The human brain can generate intense, involuntary obsessions with another person in a phenomenon known as limerence. This experience often arises suddenly and is characterized by persistent thoughts, racing heartbeats, and sexual fantasies about someone who is frequently unaware of these feelings. Limerence typically involves a one-sided fixation fueled by uncertainty, where the unknown feelings of the other person create a space for hope and possibility.
Such feelings are not uncommon when individuals revisit past relationships during times of emotional upheaval. It is a familiar pattern to find one’s mind returning to an ex-partner in search of comfort. Engaging with the memory or fantasy of a previous relationship can serve as a coping mechanism, especially when enough time has passed to soften the originally painful aspects of the breakup. This process is partially explained by the psychological concept known as fading affect bias, where negative emotions tied to past events diminish faster than positive ones, helping individuals regulate their emotional state and recover from trauma.
This effect is particularly pronounced following more amicable separations, such as those involving co-parenting arrangements. The presence of a child can deepen the emotional complexity; parents might find themselves wondering if different circumstances—such as adapting to an unexpected pregnancy or approaching the relationship with less defensiveness—could have led to a happier family unit. The shared parenting experience often adds layers of "what-if" reflections that intensify the tendency to idealize the past.

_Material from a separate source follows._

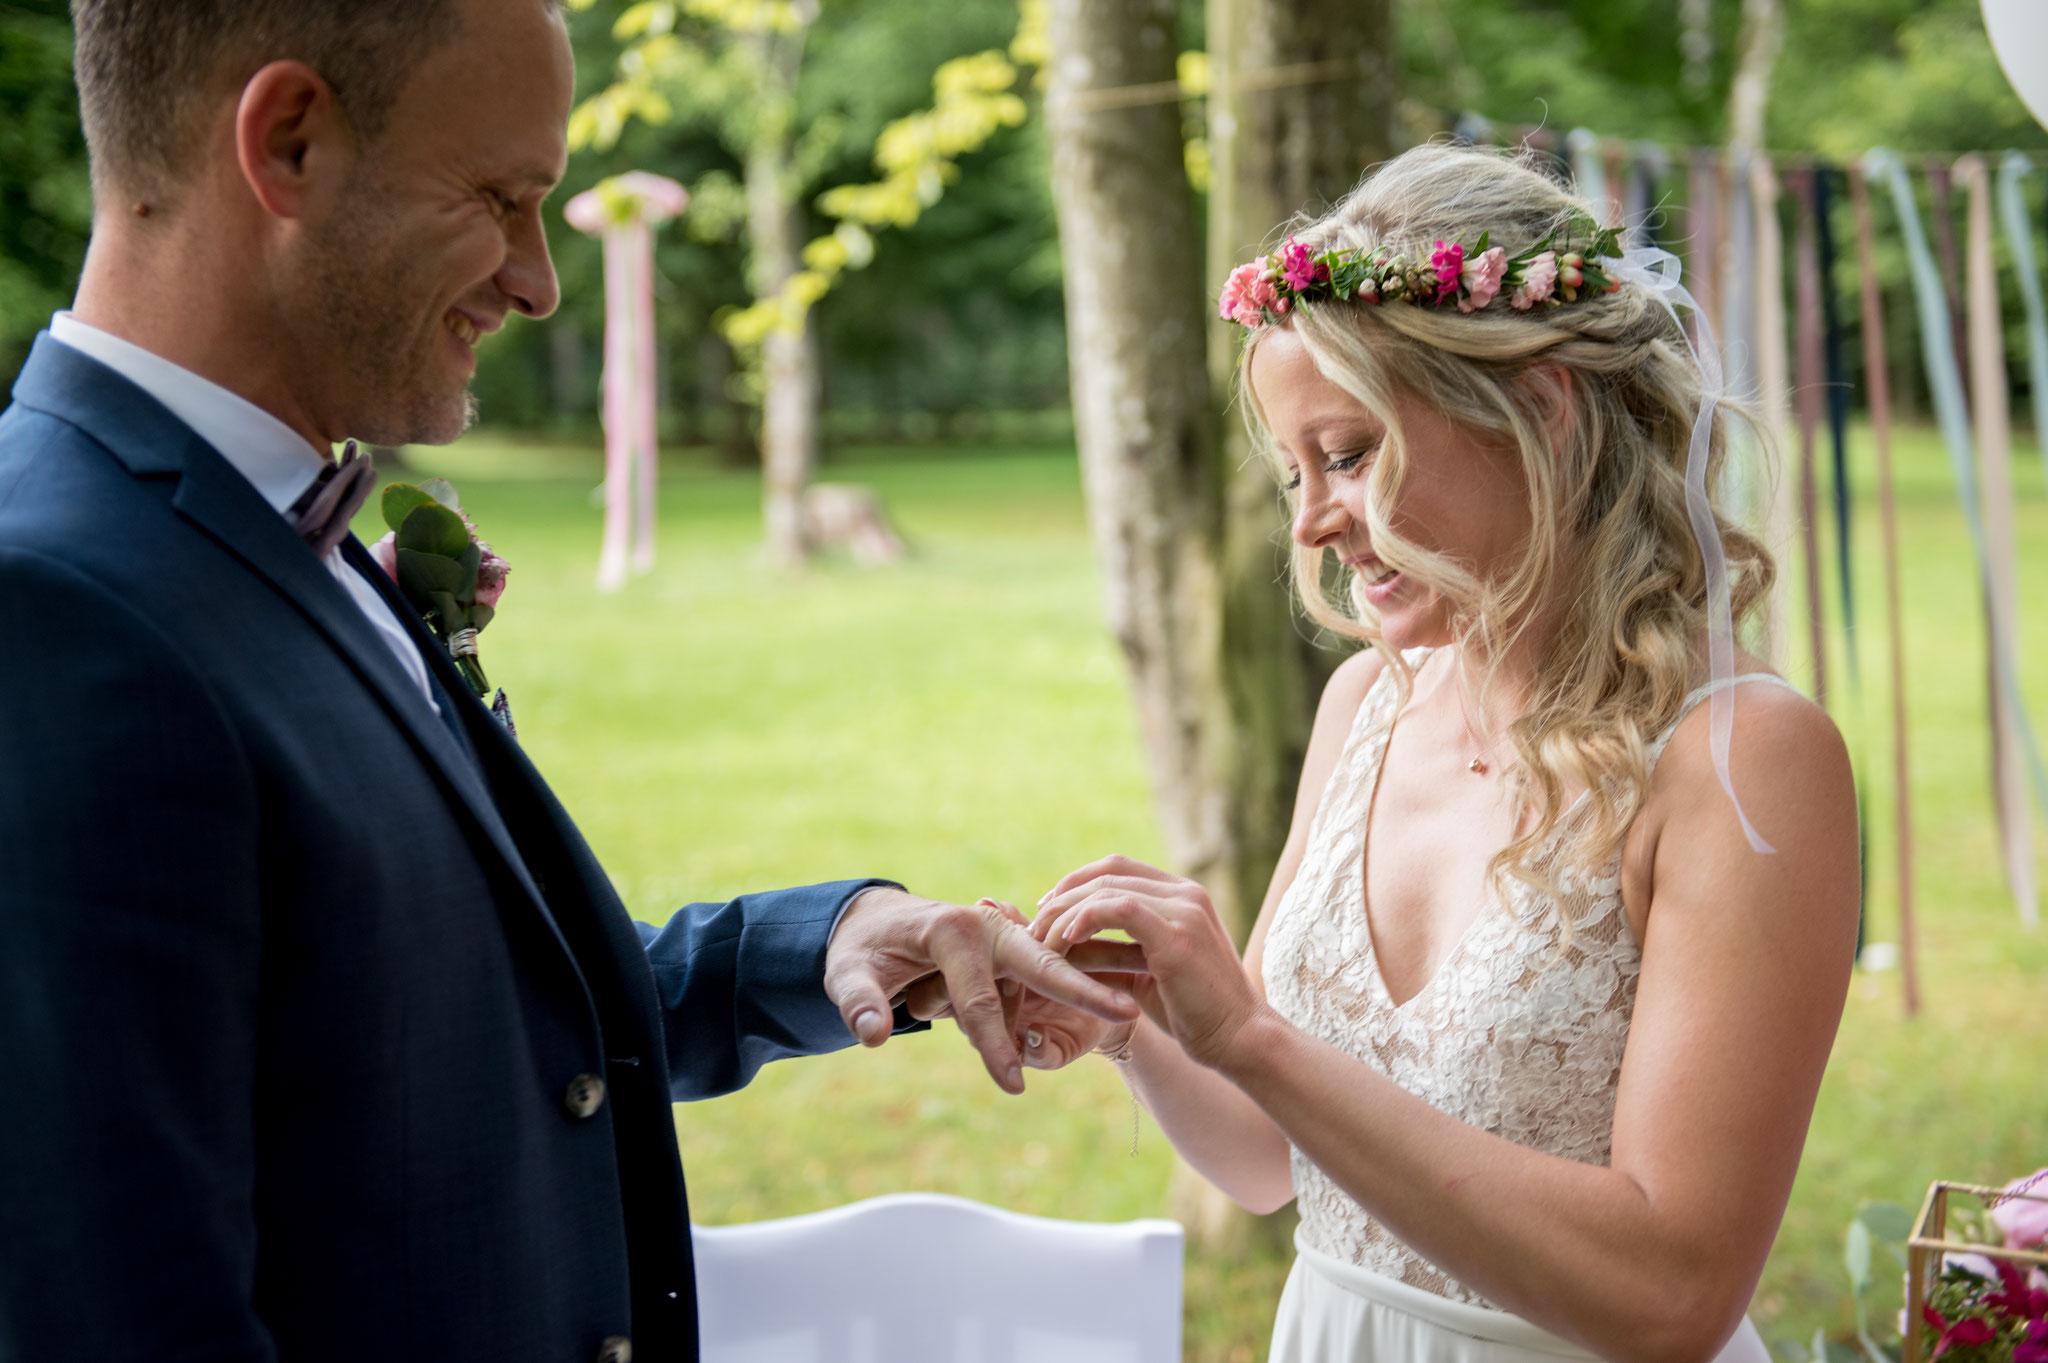 Der Ringwechsel - auch bei einer freien Trauzeremonie ein klassisches Symbol der Verbundenheit (Foto: Gabor Szeiler)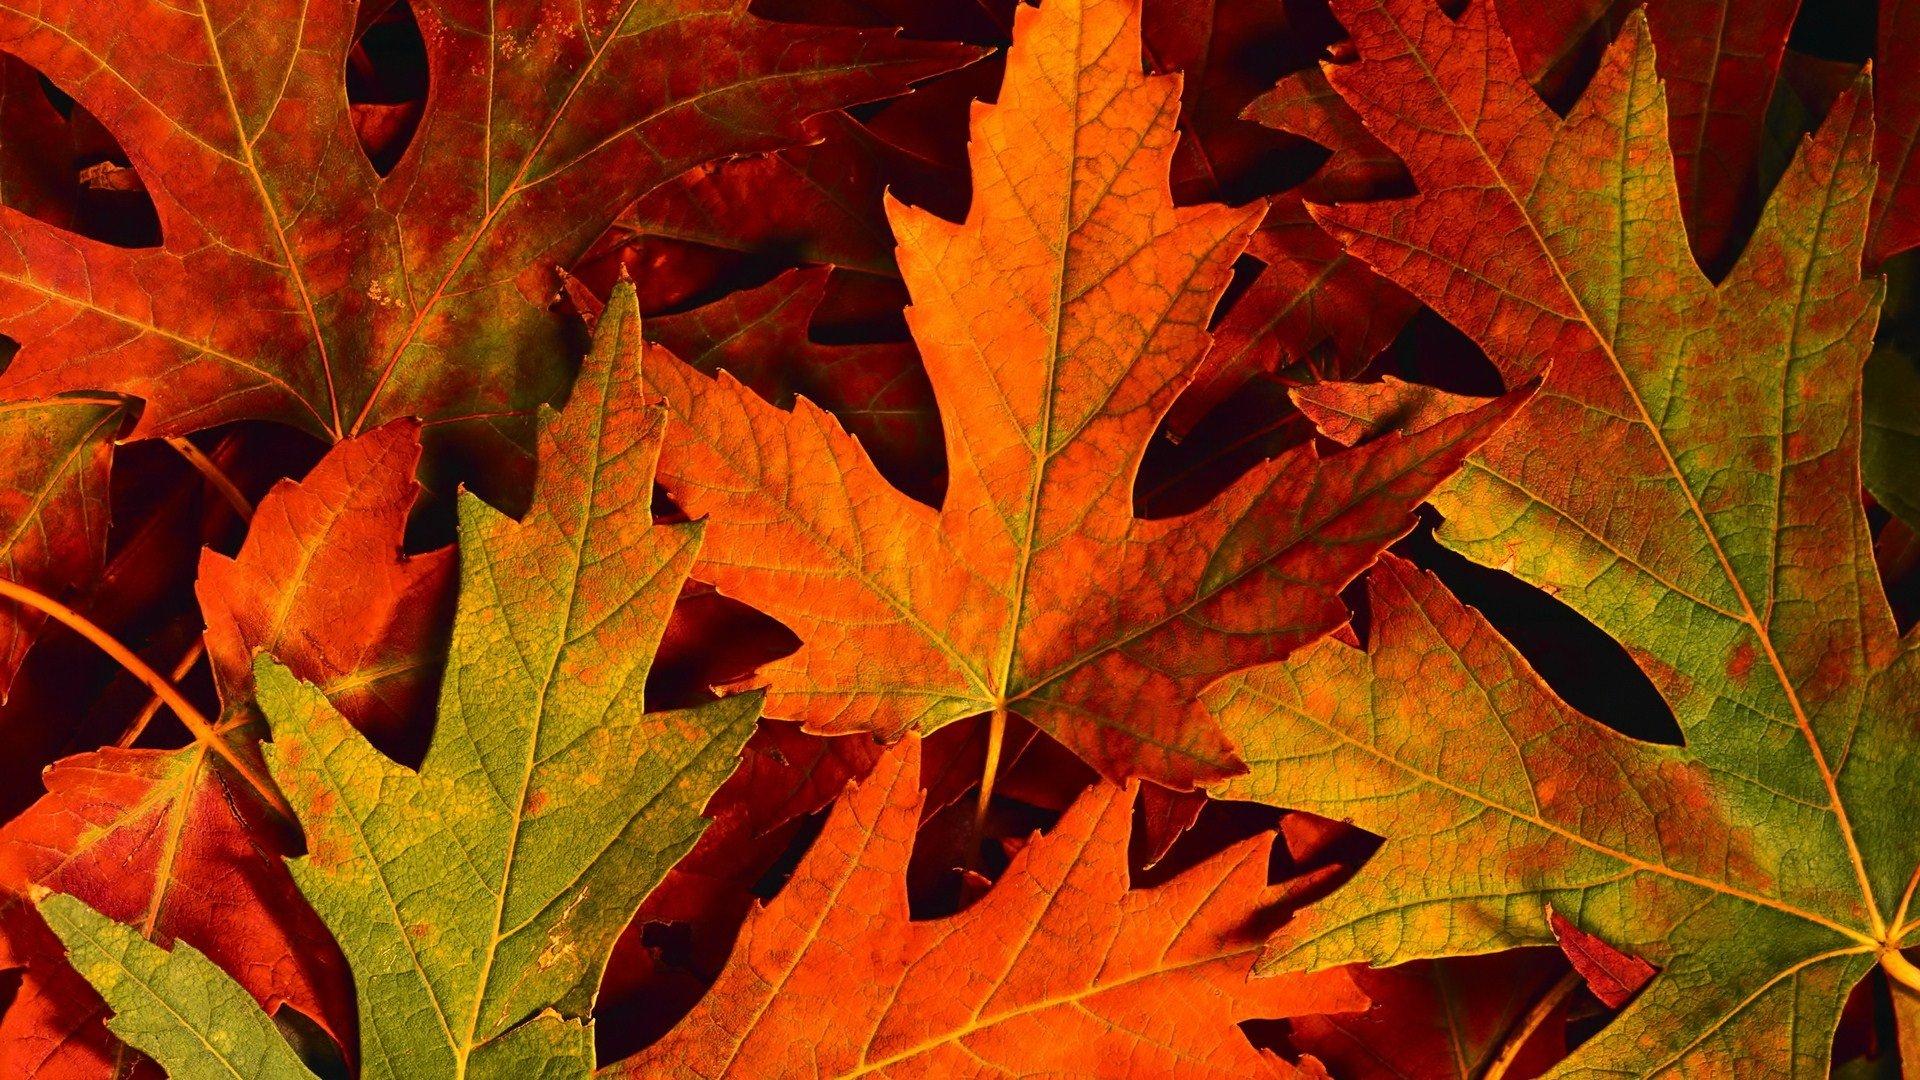 Hoja fondo de pantalla hd fondo de escritorio - Descargar autumn leaves ...

Experts note that dwelling on previous relationships can serve as a psychological refuge during difficult periods but may also prevent individuals from fully engaging with the present. The former partner, having been a significant figure for many years, especially in the life of a child, may represent a more familiar and seemingly safer choice than introducing a new partner. Feelings of guilt about the impact of the breakup on the child’s relationship with their other parent can further complicate these thoughts.
While fantasizing about an ex-partner is a nuanced response that extends beyond mere self-soothing, maintaining a realistic perspective is crucial. Prioritizing the well-being of the child and acknowledging the legitimate reasons behind the relationship’s end can prevent such reflections from causing harm. For many, these feelings are temporary and may provide necessary emotional space as they adjust to life as a single parent once again.